In another email, Harker labelled Twigg-Flesner a “greedy negroid Jew”. Twigg-Flesner is neither black nor Jewish.

The former Hull student’s written attacks have their roots in a 2012 incident in the corridors of Hull University Law School where he bumped into Twigg-Flesner, Scarborough Magistrates’ court heard. Harker apparently thought the collision was no accident on the part of the law professor.

Yet his abusive emails weren’t sent until between last August and October — three years later.

Harker’s solicitor, Robert Vining, implied that the lingering bitterness about the collision was displacement as he told the court that the only explanation his client had offered for his behaviour was disappointment about his struggles to qualify as a lawyer.

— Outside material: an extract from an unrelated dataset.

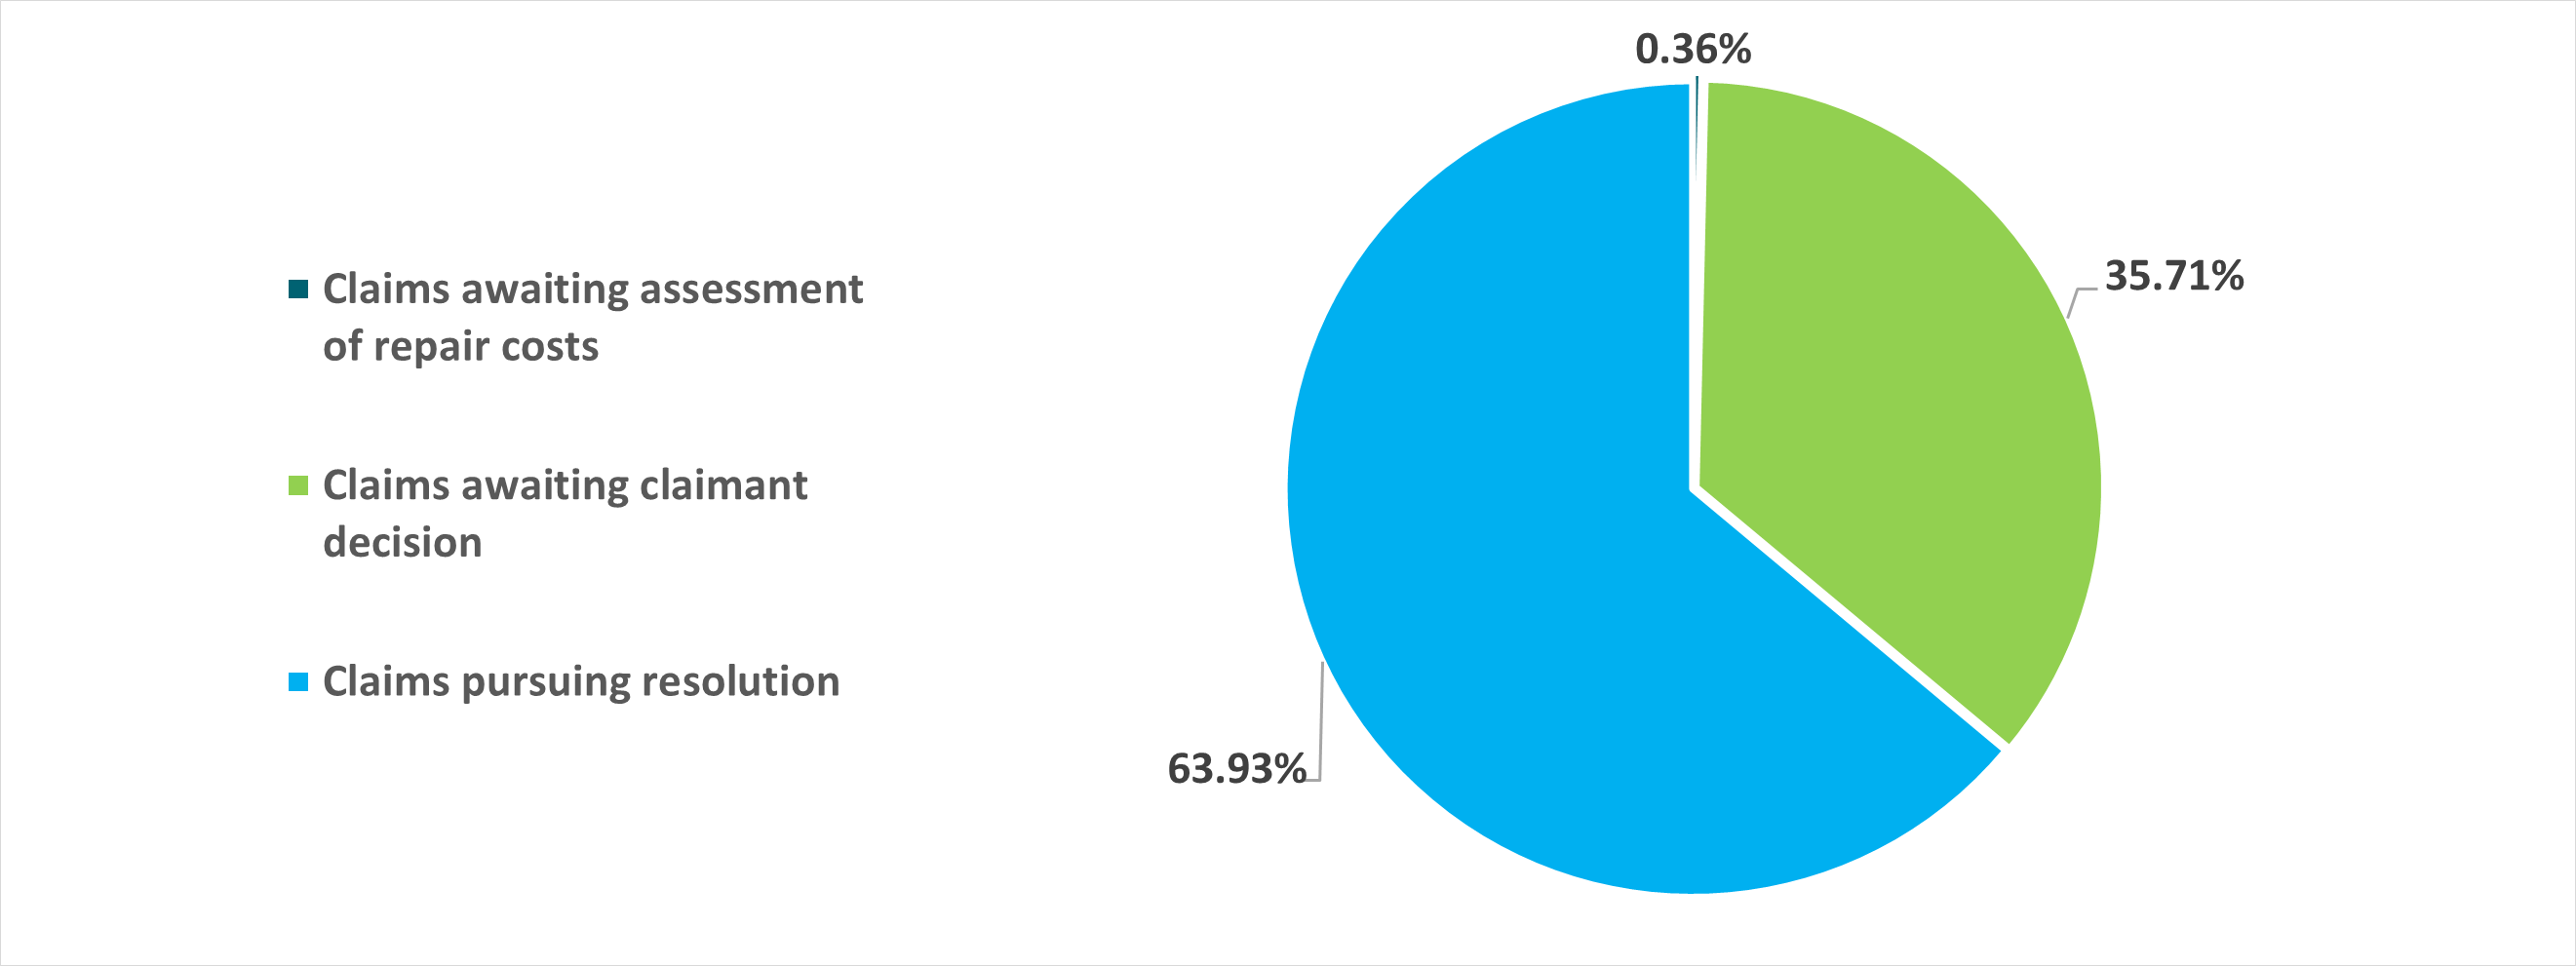 Pie chart displaying the data listed below.

In a subtle discouragement for Harker to apply for a training contract with his firm, Scarborough-based Tubbs & Co, Vining added:

I’ve personally told the defendant this conviction means his chosen legal career has now effectively ended.

Harker — who the court heard had previously been cautioned for harassing a female co-student in 2014 — admitted a single charge of racially aggravated harassment without violence. He received a restraining order, an 18 week sentence suspended for two years and 150 hours of community service.

The law graduate has also been barred from contacting Twigg-Flesner and visiting the university’s campus for 10 years.